Чавчавадзе сделал поклон, изящный, вежливый, с достоинством истинным, содружество верного воспитания и хорошей семьи, и с приятным грузинским акцентом, немного картавя, пожимая дружески руку, сказал:
— Александр Герсеванович, будем знакомы.
И тотчас прибавил, видя, что новый знакомец готов уходить:
— Кажется, нам по пути.
Александр тотчас сделался высокомерен и важен, противувольно, само собой, не любя и не поощряя случайных знакомств, однако из вежливости кивнул, изъяснил, что весьма благодарен иметь провожатого по незнакомым местам, вышел первым и только на улице поворотился к грузину с холодным лицом, надеясь тотчас проститься, желательно раз и навсегда.
Чавчавадзе в ту же минуту разгадал его нехитрый маневр, улыбнулся открыто, заговорил по-французски, тоже с восточным акцентом, верно неистребимым:
— Прошу простить, что навязчив. Мне стало известно, что вы из Петербурга месяца два, для вас причина, известно, не важная, но важная для меня, я в Петербурге родился, в Петербурге учился, в Петербурге служил, мне оттуда всякая весть была бы слишком приятна.
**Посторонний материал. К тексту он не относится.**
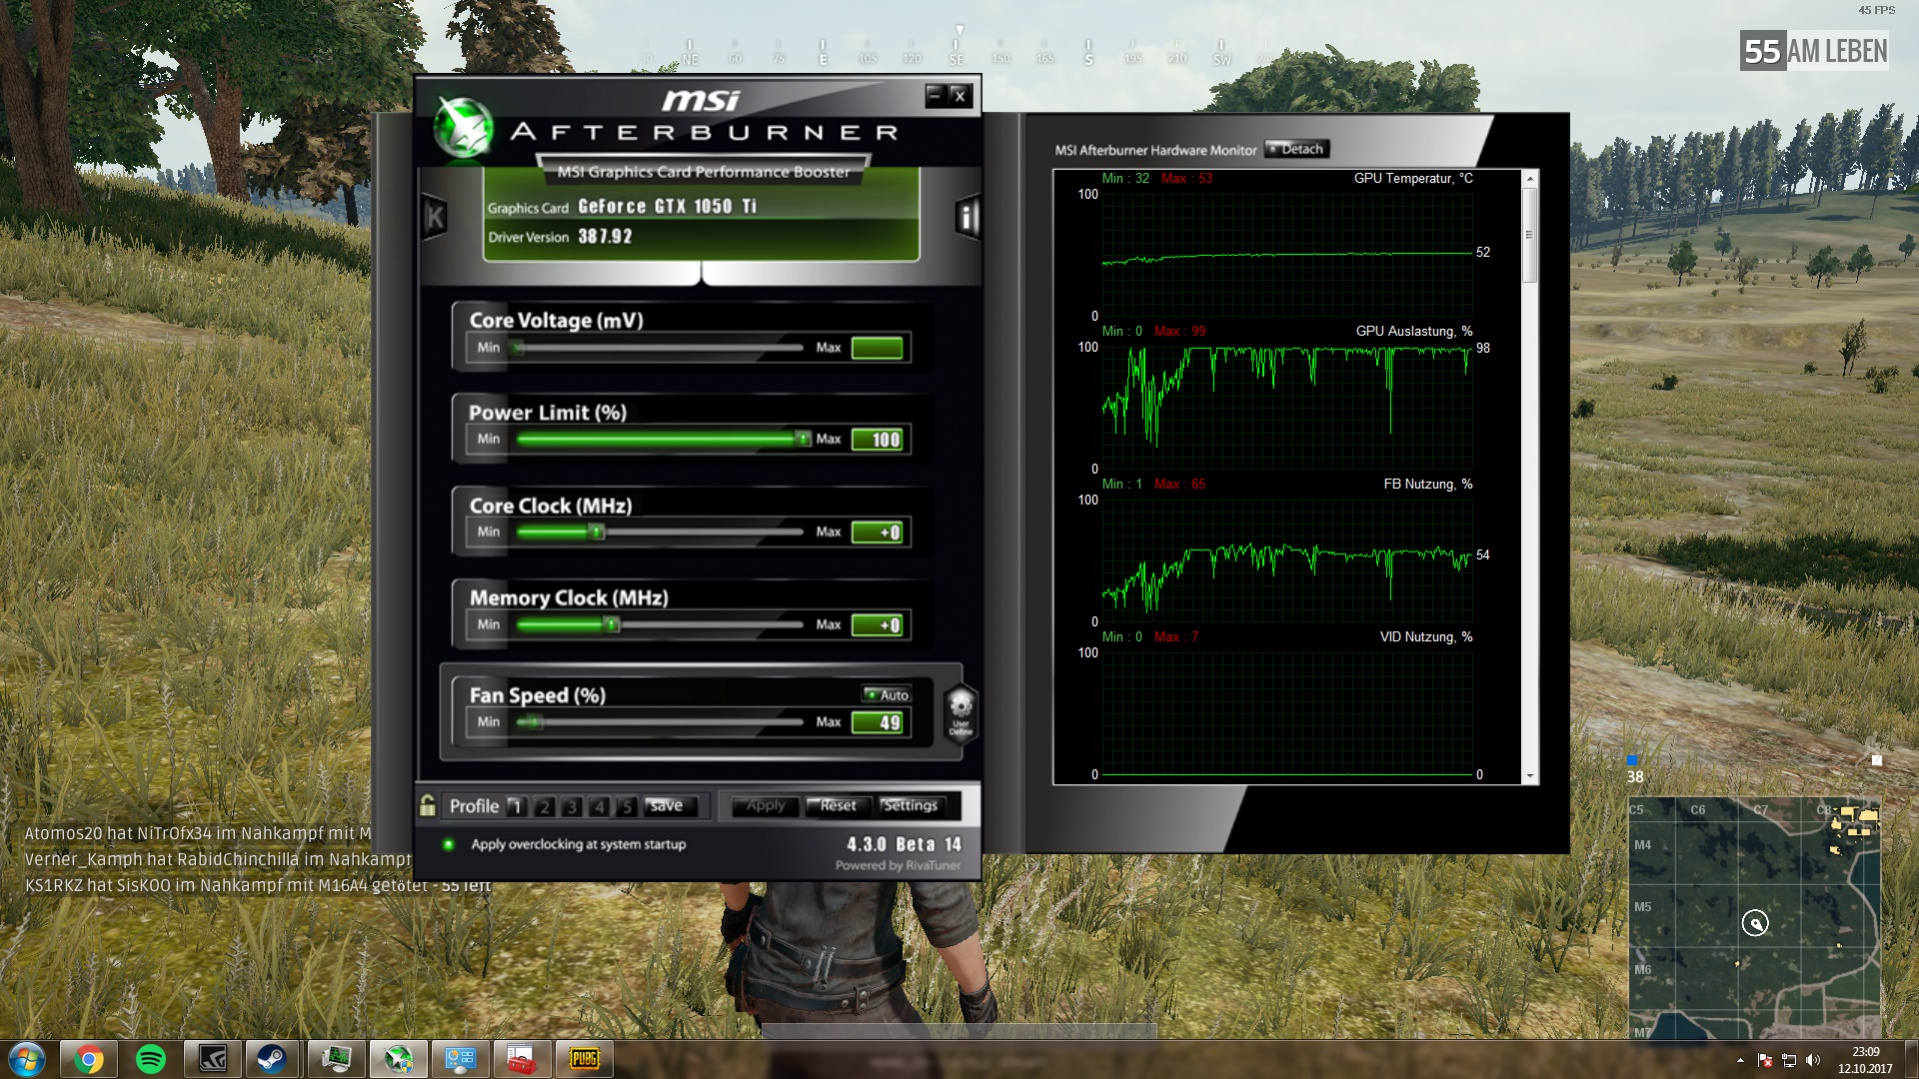 NVIDIA GeForce GTX 1050 Ti und trotzdem niedrige fps

В самом деле, причина слишком не важная, чтобы незнакомого человека посреди улицы хватать за рукав, весть из Петербурга мало ли кому дорога, впрочем, удивительно странно одно, что родина там — он князь и грузин, следственно, должен родиться если не на горной вершине, так между гор. Александр отозвался со светской лёгкостью разговора, столько же скрывавшей, сколько и обнажавшей его безразличие и к более веским причинам к чему-нибудь его принуждать:
— В таком случае удовлетворите моему любопытству, которое вам удалось возбудить, отчего вы избрали такое ненастное место, чтобы явиться на свет?
Чавчавадзе рассмеялся искренно, от души, махнул рукой кучеру, терпеливо его ожидавшему, изъяснил, что ежели к Ховену, так им необходимо направо свернуть, пошутил, опять по-французски:
— Согласитесь, что выбрал удачно, хоть место ненастное, в этом вы правы.